The other day, my five-year-old twins were explaining a playground game to me. They were confident, they were patient with me, and they went into great detail, but there was no question that the rules of the game were far too complex for me - an outsider - to grasp. I felt that given enough time, I probably could have understood, but the moment passed and we all moved on to other things. I know they were probably disappointed in my slow uptake, but thankfully they've forgiven me.
This put me in mind of a similar story that a philanthropist shared recently. His foundation has invested a great deal of money and time in a comprehensive new initiative, but when he carries the news of their work into the community, he's mostly left with head scratching or blank stares. He's often disappointed in their slow uptake.
In situations like these, where there's a complex idea that needs explaining, simplicity is the key. Whether it's a convoluted legislative environment, or a comprehensive grantmaking approach, or a highly sophisticated model for addressing community issues, you'll turn more head scratching into heads nodding in agreement if you follow these simple rules.
1. Lead with the outcome, not the process. If people in your audience know where you're trying to go and want to be in that place as well, they're more likely to stick with you as you explain it. Tell what you want to accomplish, then how you'll get there.
2. Break it down. If there's a way to break your explanation into 3-5 general steps to success, the overall concept will be more understandable and memorable for your audience. Less than three, and it may sound too oversimplified. More than five, and you've lost them.
3. Leave most of it for later. When you've invested hours of your life and a considerable amount of your brain power into creating something that is necessarily complex, every detail can seem important. They are, but not all at once. Focus on the big, overarching points that those details add up to, but leave most of them out.
4. See yourself in the audience. Imagine you're one of the members of your audience.

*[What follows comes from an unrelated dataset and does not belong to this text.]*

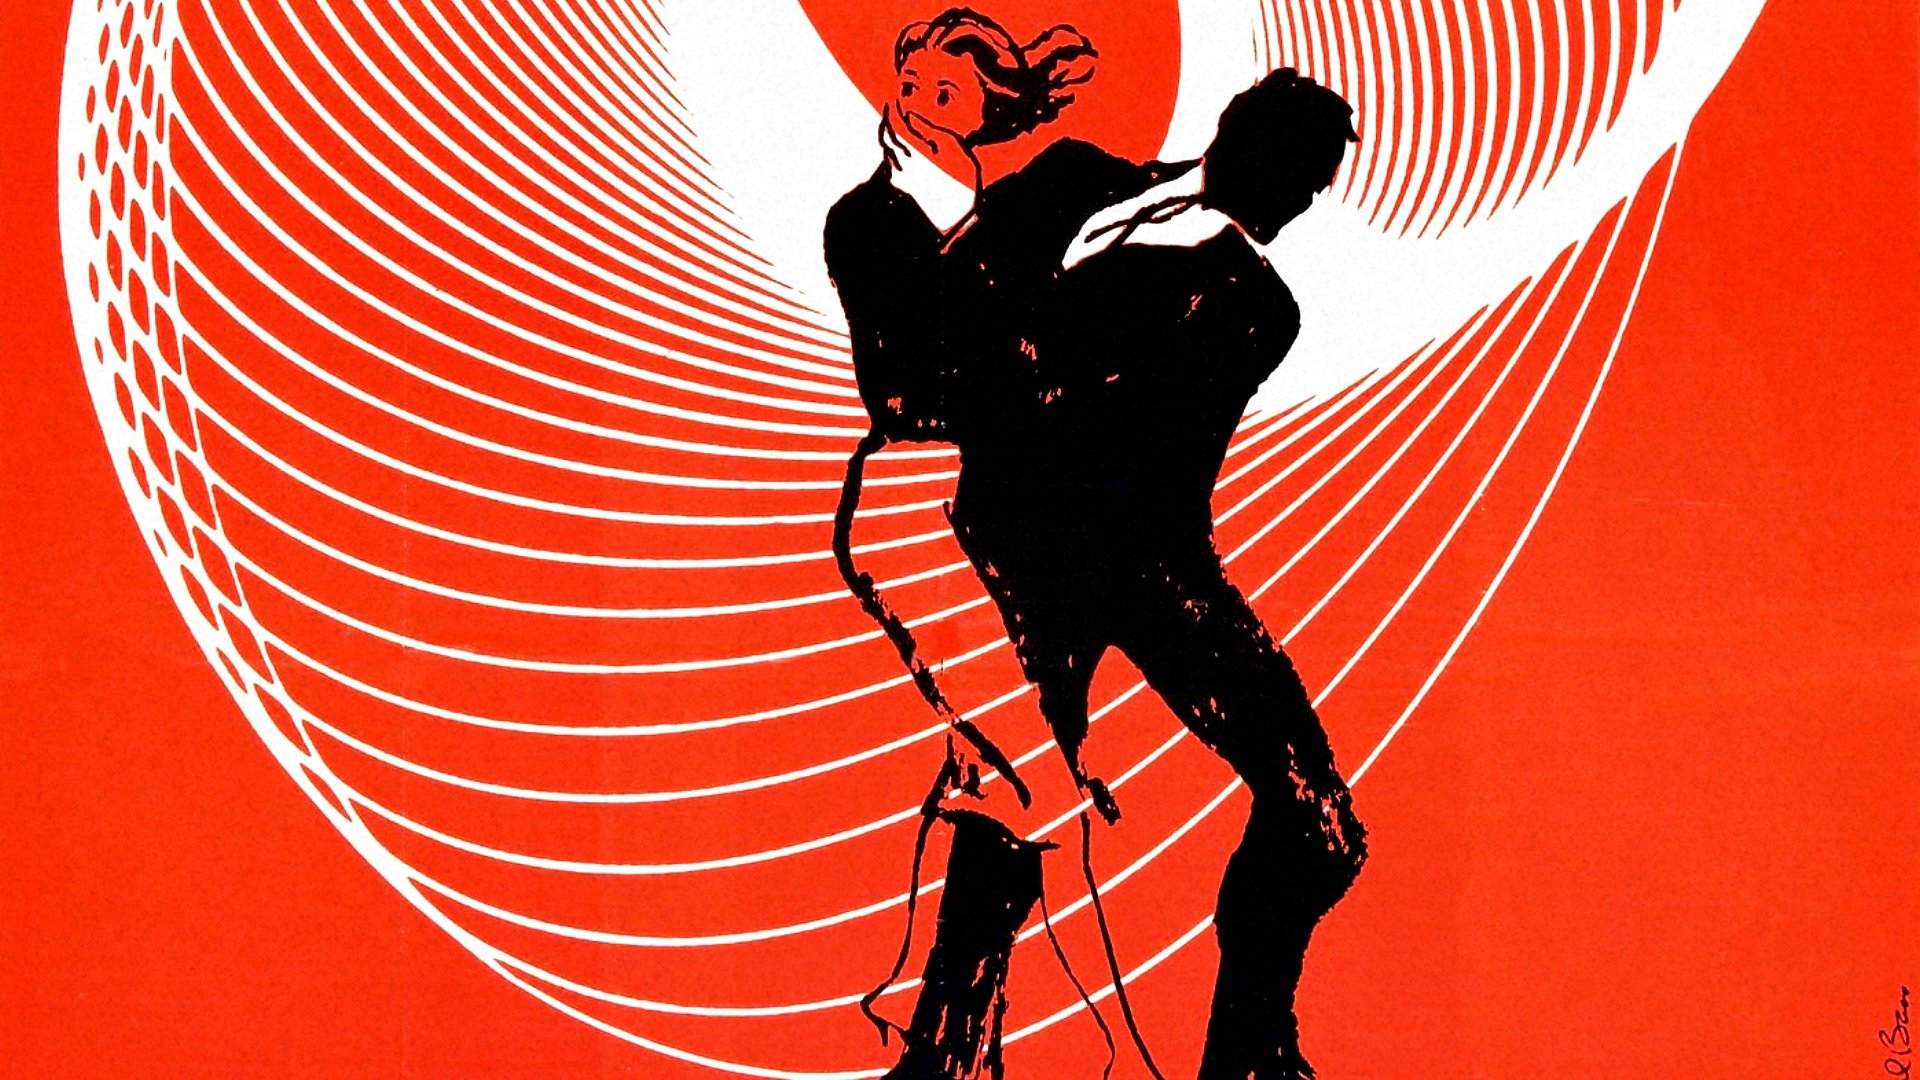 Must see Wallpaper Movie Vertigo - thumb-1920-611045  HD_751023.jpg

What's in this program or initiative for you? Why should you care? What are the points you'll likely remember tomorrow when you're recounting this presentation to a colleague? Tailor your messages accordingly to provide listeners the points that will resonate most.
5. Turn fact into fiction. Sandwich your factual presentation with a fictitious one. Make up a person who's life is one way before your intervention, and different after. What's different? Why? How did your work make that happen? Stories like these can be powerful not only in helping listeners understand what you're hoping to accomplish, but also in building a listener's emotional response to complement her intellectual one.
Try incorporating these five tips into your next presentation on a complex topic, and see if you don't see more heads nodding in agreement. Better yet, see if you don't find more folks asking thoughtful questions, requesting more information, and becoming more engaged in your success.